Mitochondrial diseases usually refer to genetic defects whose primary downstream effect directly impairs oxidative phosphorylation which ultimately reduces ATP production. However, a number of additional essential metabolic processes occur within mitochondria, such as beta-oxidation of long chain fatty acids. Mutations in genes encoding enzymes involved with beta-oxidation disrupt mitochondrial fatty acid oxidation and include CPT-II and VLCAD deficiency, both of which are discussed above.

The clinical presentation of mitochondrial disorders is extremely variable. This is, in part, due to the large number of genetic causes implicated in the development of disease. One important, although relatively infrequent, manifestation of mitochondrial disease is RM. Table 1 summarizes a few examples of genes associated with mitochondrial dysfunction and RM.
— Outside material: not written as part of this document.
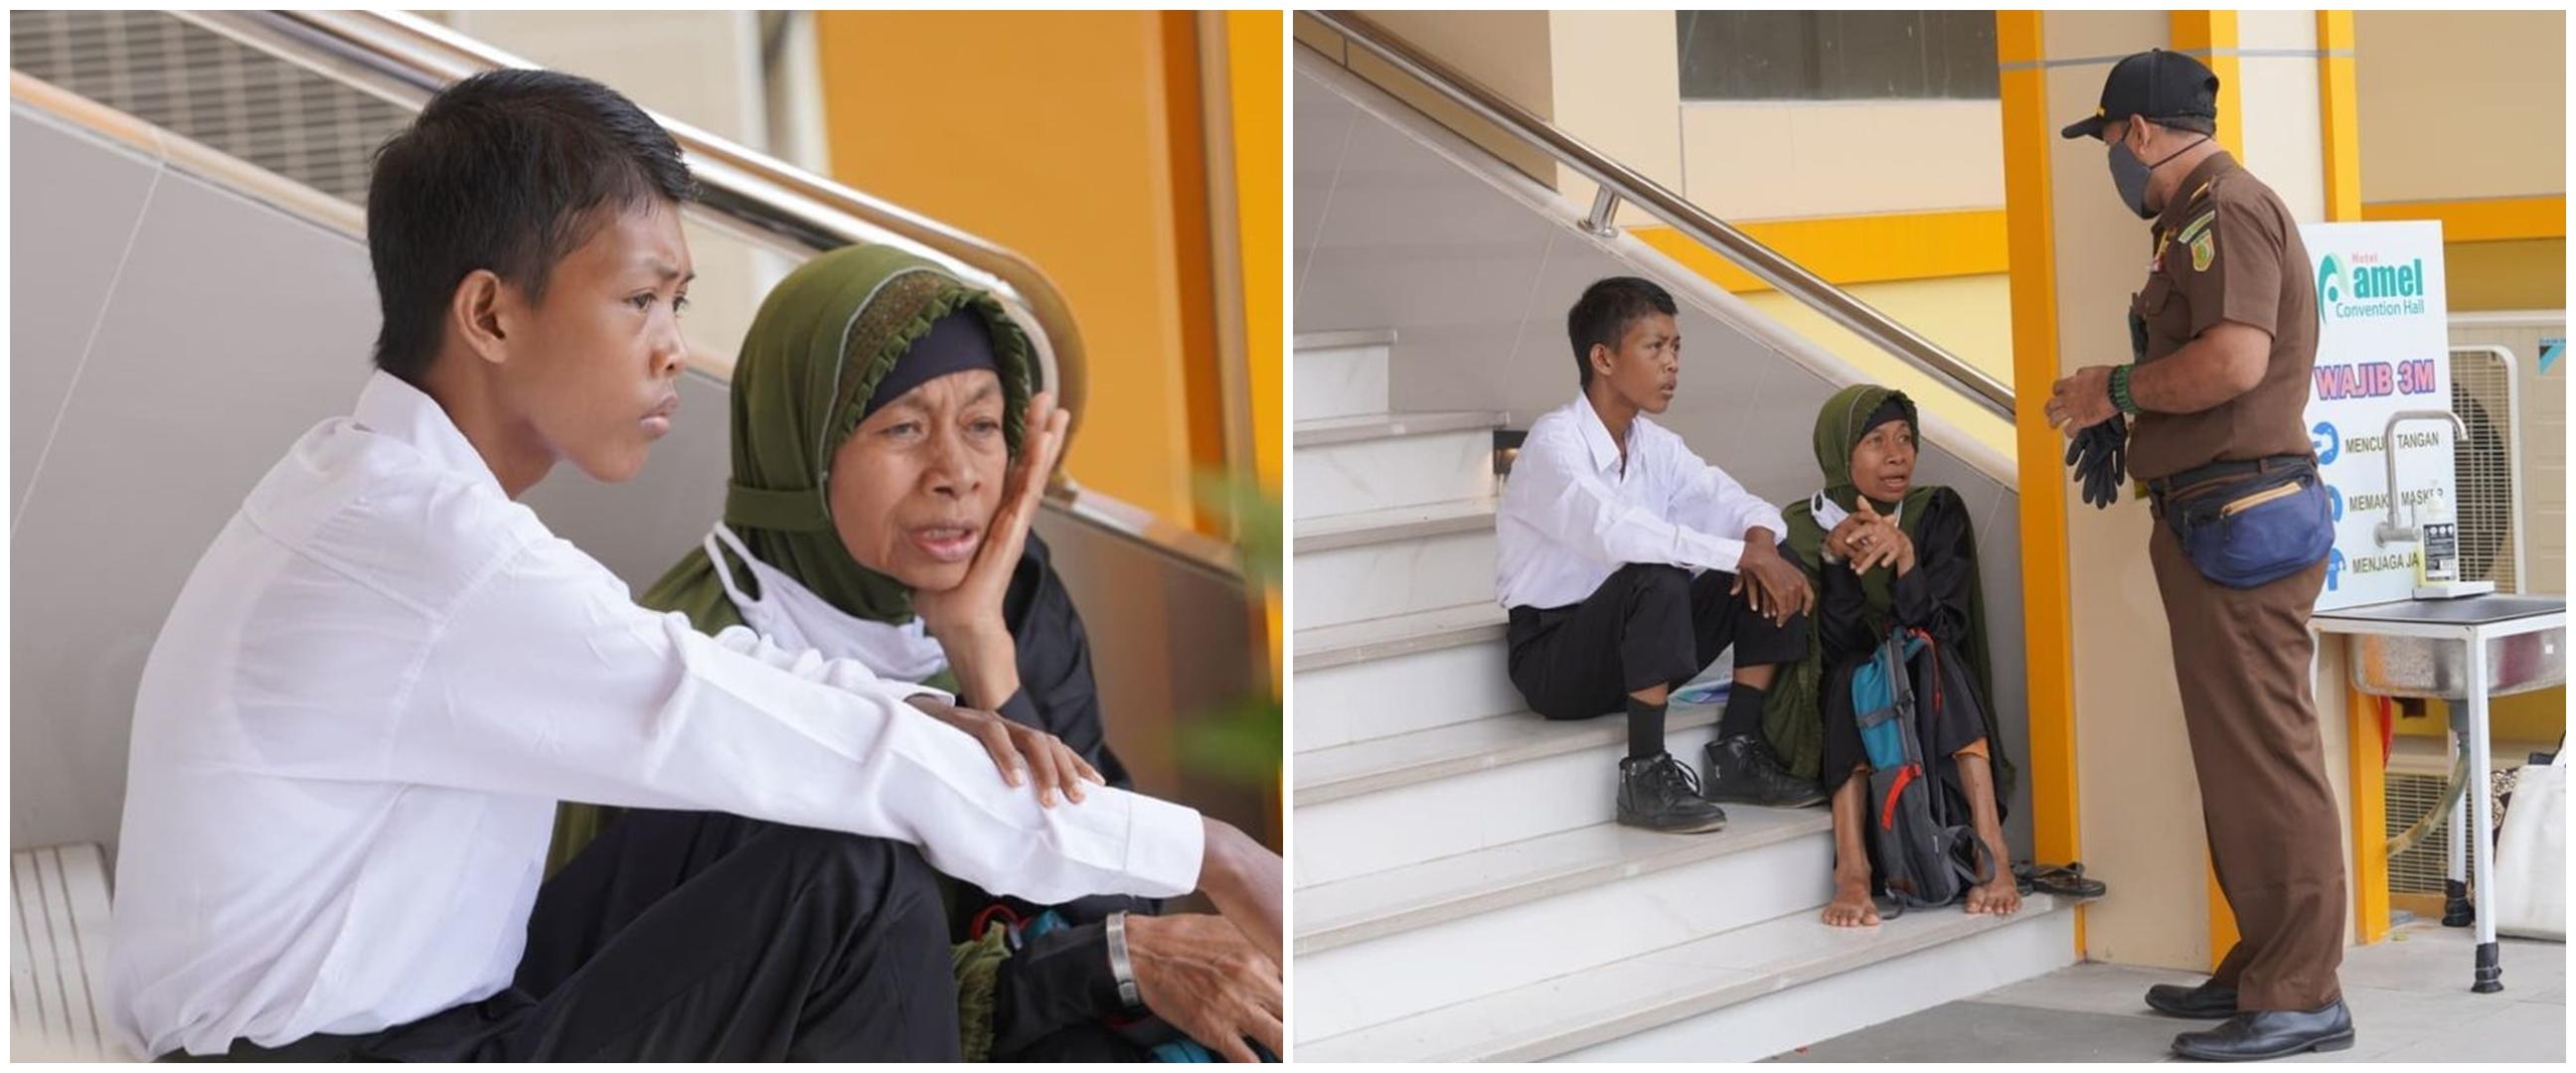 Momen menyentuh ibu temani sang anak tes seleksi CPNS, bikin terharu

Muscular dystrophies (MD) represent a clinically and genetically heterogeneous group of disorders characterized by progressive weakness and skeletal muscle degeneration. There is an increased susceptibility for muscle damage and RM may be seen in association with exertion but the timing of onset of symptoms with duration of exercise is often vague. Exertion muscle symptoms and myoglobinuria may be the presenting symptom of an underlying MD even before weakness becomes clearly manifest [82]. Becker muscular dystrophy (BMD) due to mutations in DMD and limb-girdle muscular dystrophy 2I (LGMD2I) due to mutations in FKRP (OMIM#606596) are the most common dystrophies to present with RM [82]. RM and myalgia may be the dominating symptom in a few cases of LGMD2I [82]. RM as the presenting symptom of MDs has also been reported in association with sarcoglycanopathies, dysferlinopathies [83,84] and the more recently reported conditions related to recessive mutations in ANO5. Recessive mutations in ANO5 (OMIM#608662) cause a wide spectrum of myopathies including LGMD2L, distal myopathy and isolated hyperCKemia. Exercise intolerance, severe myalgia, variable muscle weakness and RM have been associated with ANO5 [85,86], although specific triggers for RM could not be elicited [85]. Identification of amyloid deposition on muscle biopsy is a clue for the diagnosis of an anoctaminopathy [85,86]
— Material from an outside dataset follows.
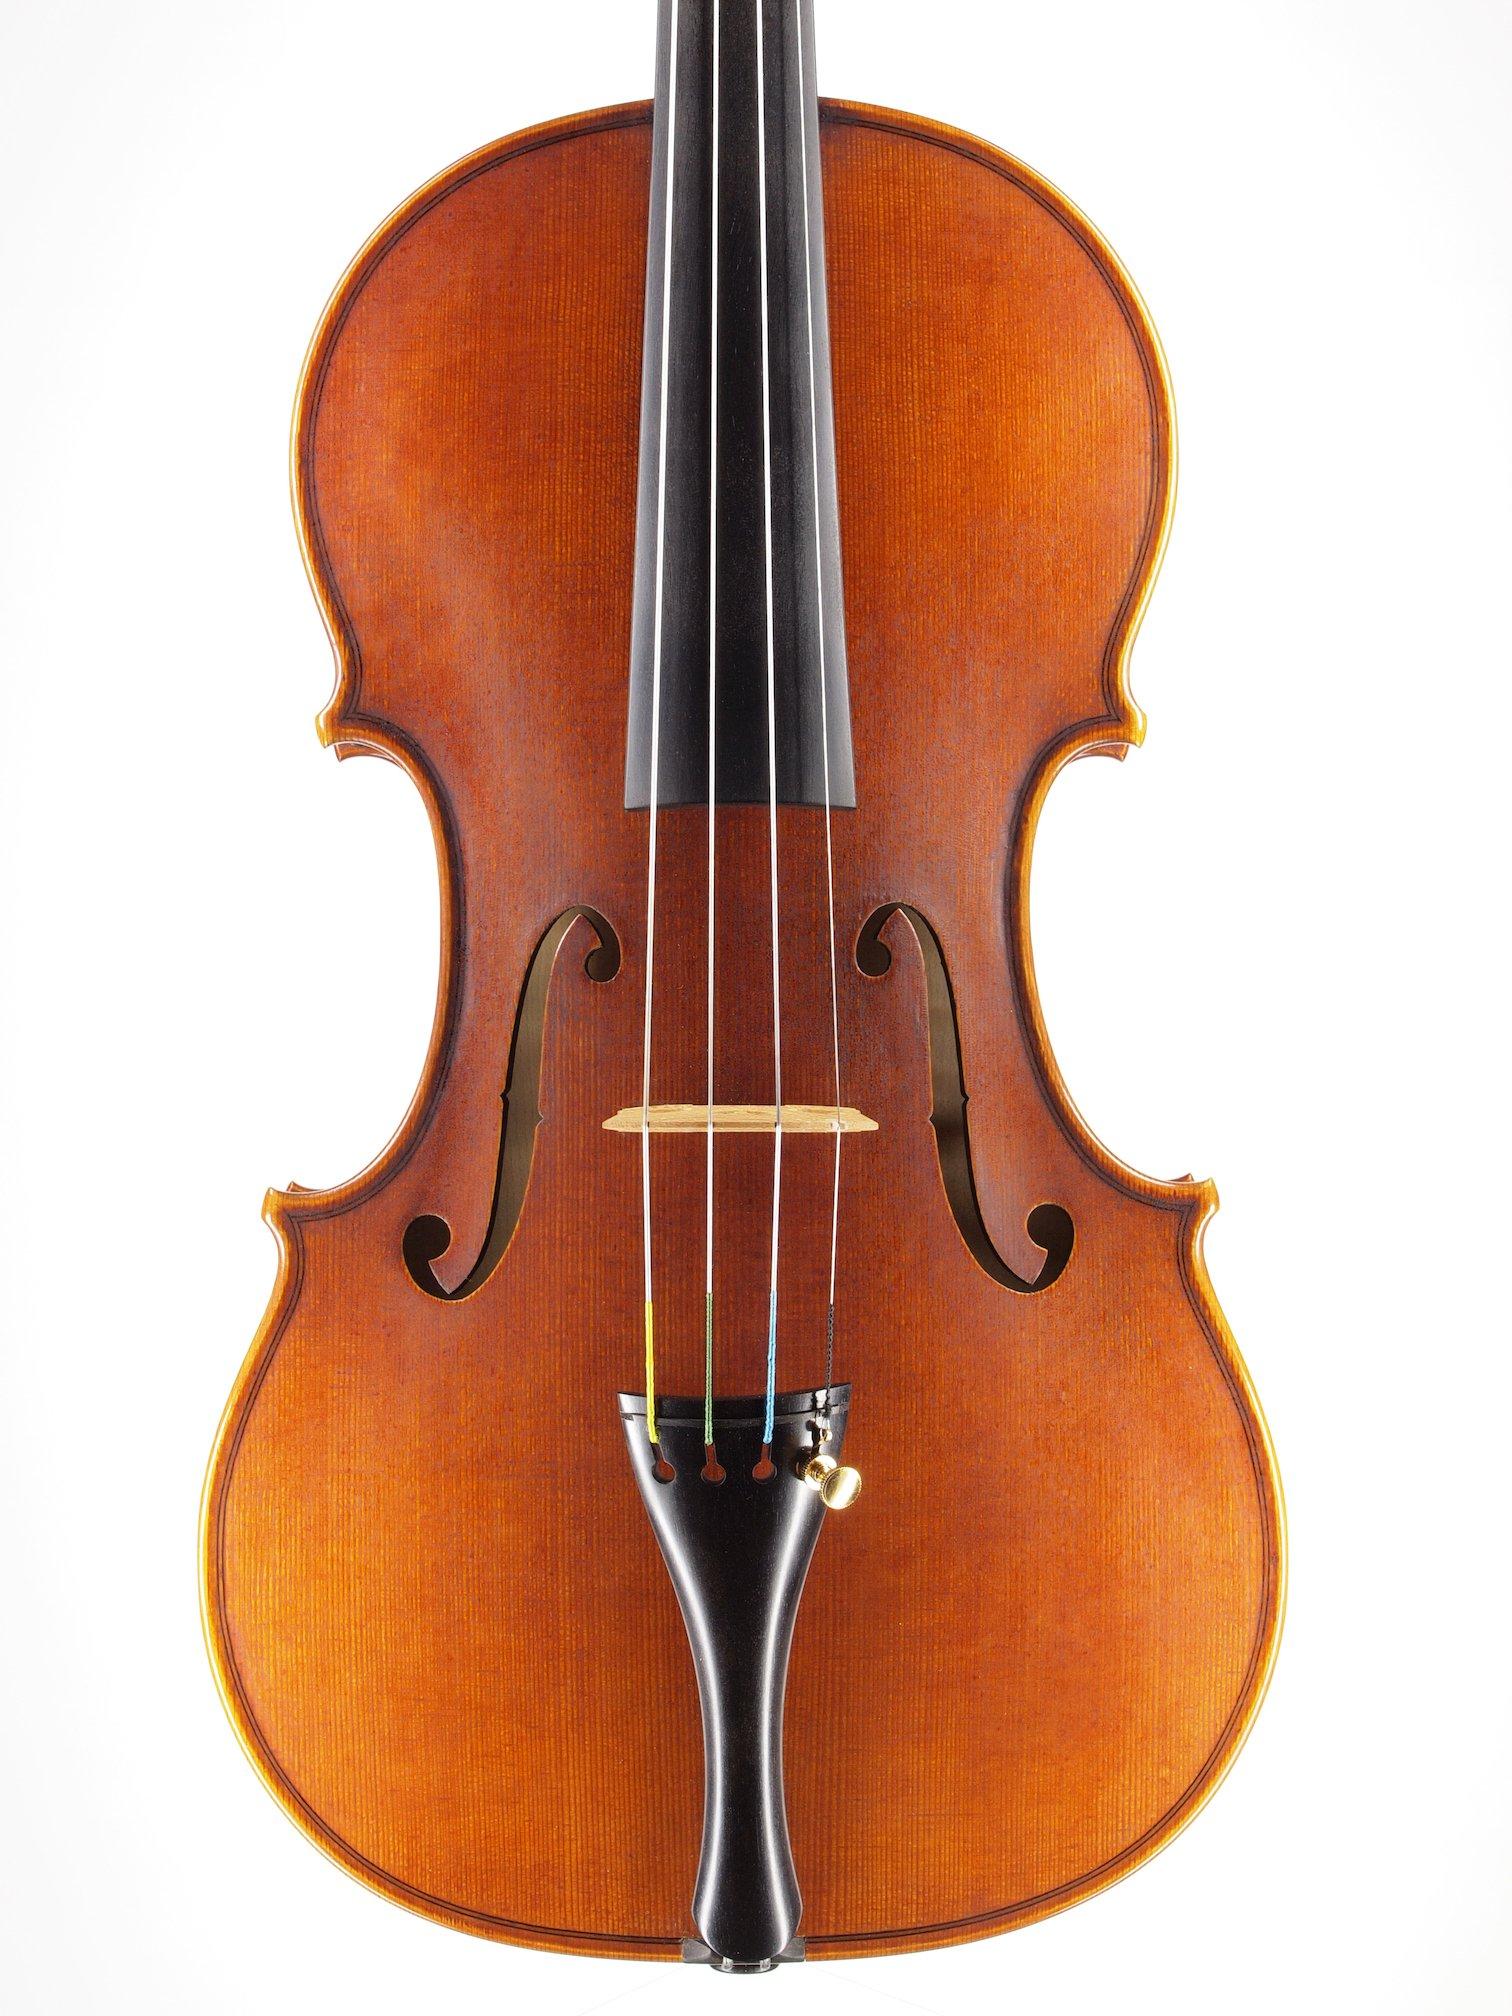 Violin based on the model of the 'Sauret' Guarneri del Gesu anno 1743 III

Thus, unexplained RM occurring in the context of a history of exertion myalgia should also raise the suspicion of MDs, even if no weakness is clearly manifest. Figure 1 and Table 1 summarises the main MDs associated with RM [8,83,85-90].

In addition to the genetic conditions detailed above, different genetic polymorphisms have already been associated with CK elevations, however it is not entirely clear if the same polymorphisms also confer a higher risk for RM, as contradictory findings have been reported. One example of such contradiction is the I allele in the angiotensin I-converting enzyme (ACE) gene which has been previously associated with increased CK levels after eccentric exercise by Yamin et al. (2007) but not by other authors [100-102]. The same has been observed with the R577X ACNT3 variant: the XX genotype, which has been reported in athletes [103], was also associated with low muscle strength and low resting CK [104] and exertional RM [100].

These intriguing findings emphasise the complexity of RM pathophysiology and the need for further studies to clarify the role of polymorphisms in muscle breakdown. Table 2 summarises a few genetic polymorphisms previously reported in association with CK elevations and muscle symptoms [100-102,104-107].